PROBLEM TO WORK ON: From the first line to the last, repeat the data exactly and drop the pictures.

SUPPLIED MATERIAL:
============

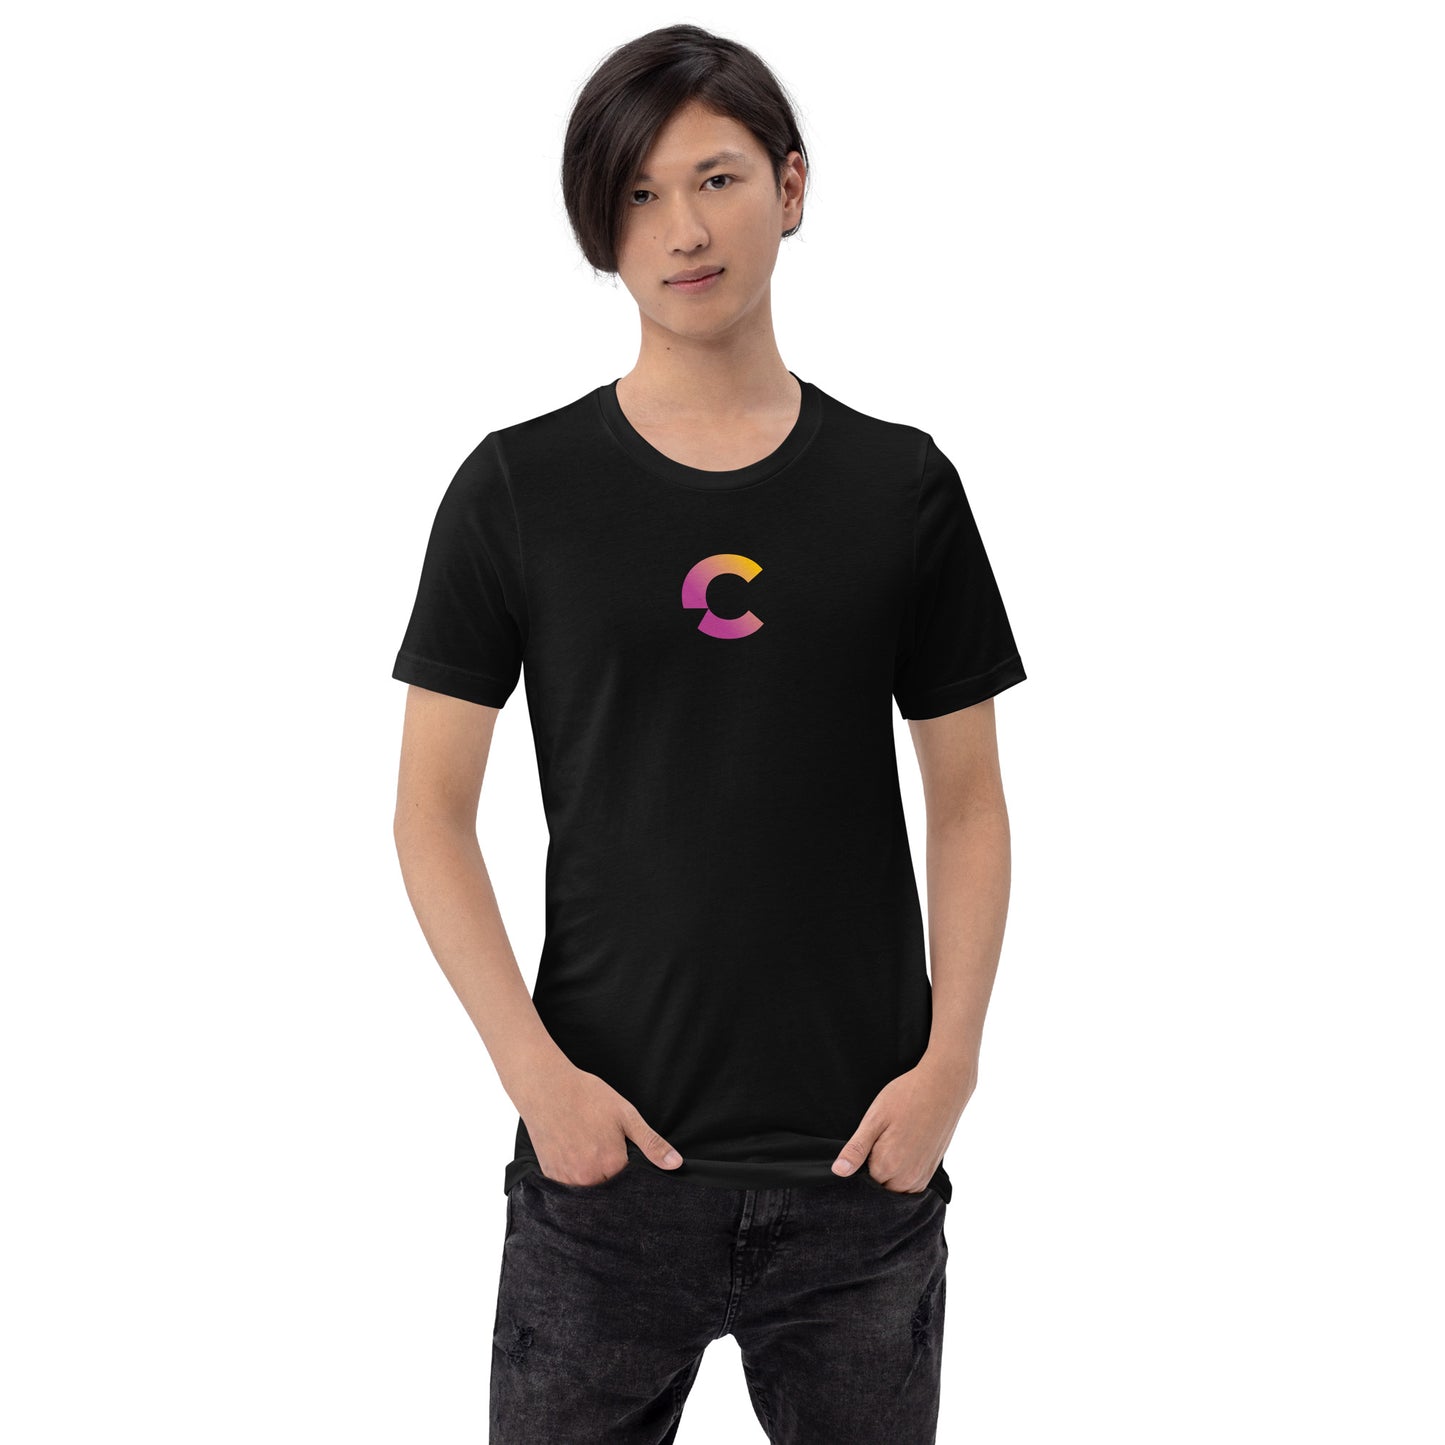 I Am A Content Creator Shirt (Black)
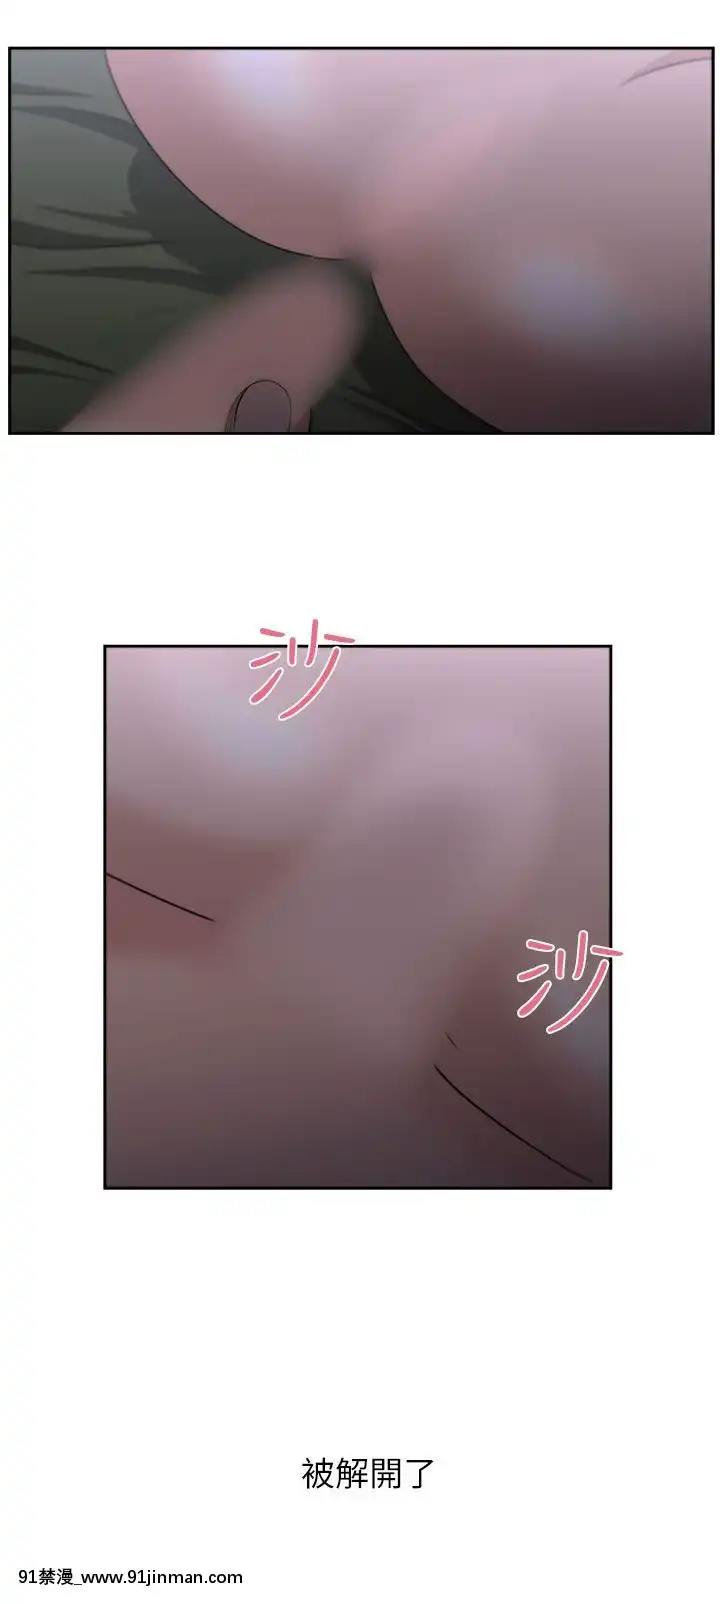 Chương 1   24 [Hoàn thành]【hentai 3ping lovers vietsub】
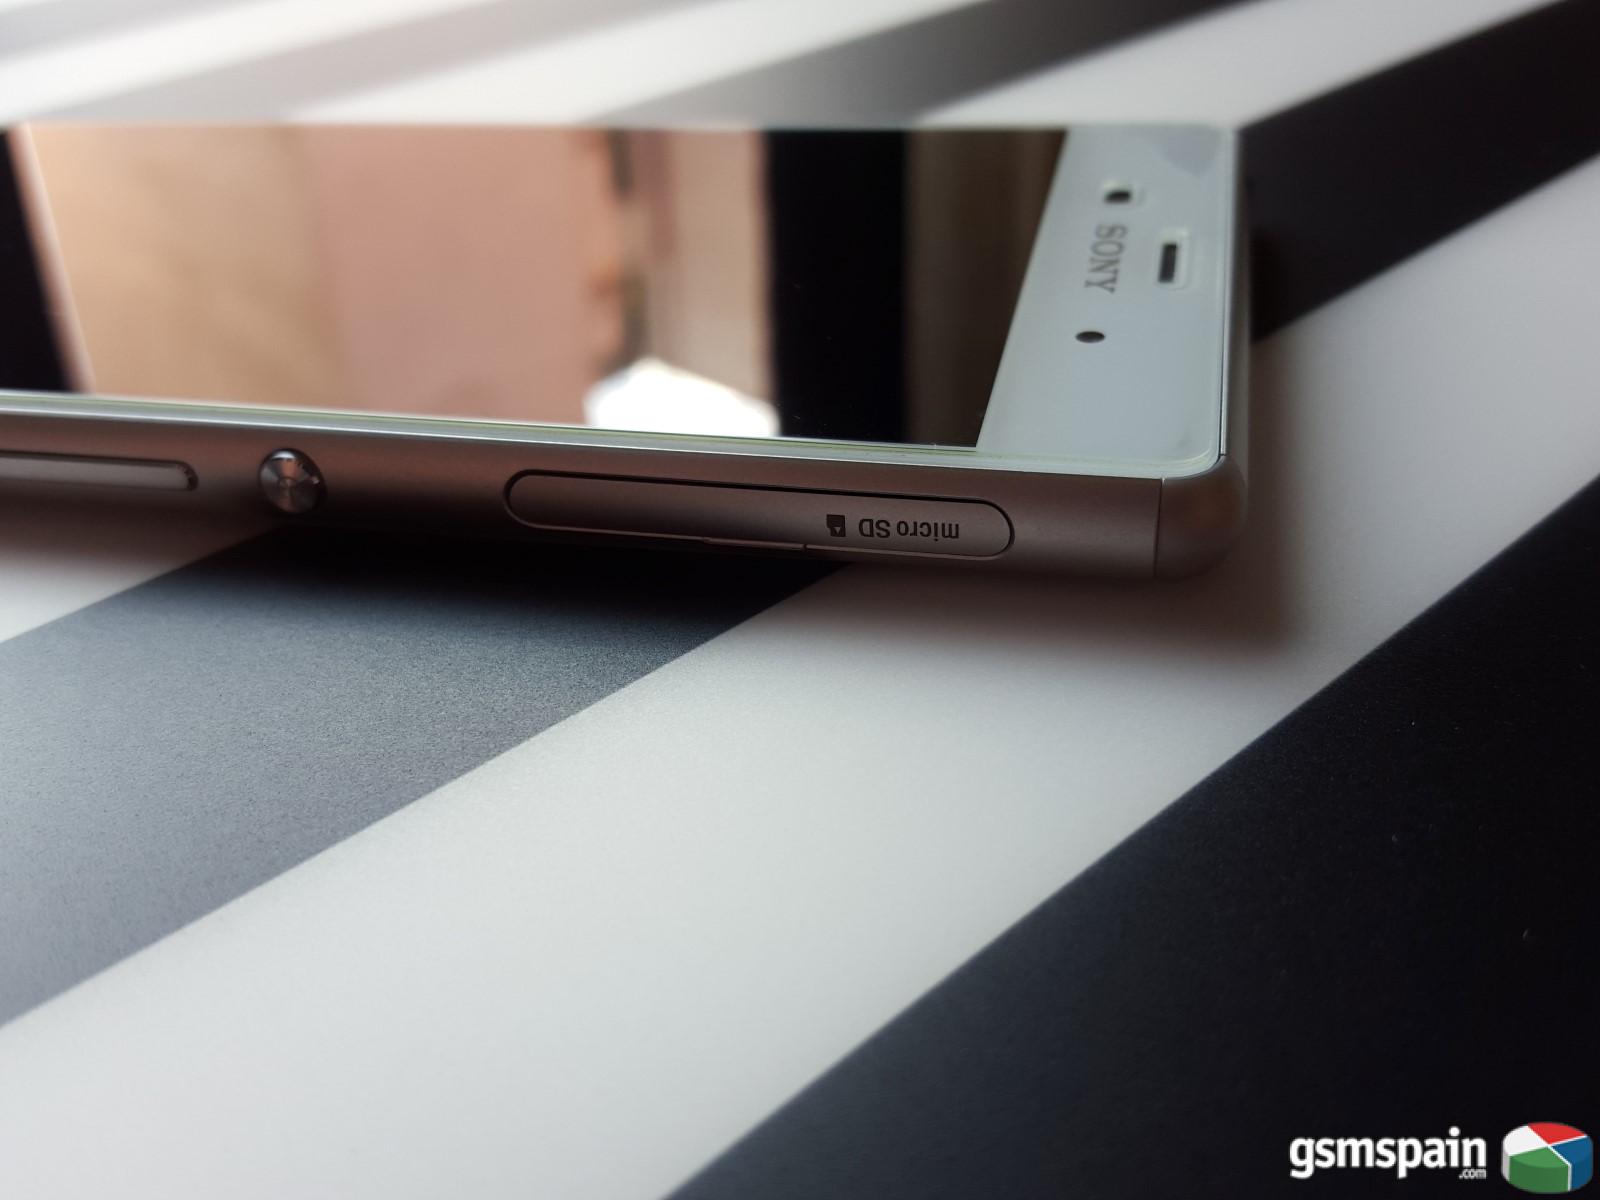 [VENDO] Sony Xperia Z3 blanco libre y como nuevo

============

EXERCISE ANSWER:
 I Am A Content Creator Shirt (Black)
 Chương 1   24 [Hoàn thành]【hentai 3ping lovers vietsub】
 [VENDO] Sony Xperia Z3 blanco libre y como nuevo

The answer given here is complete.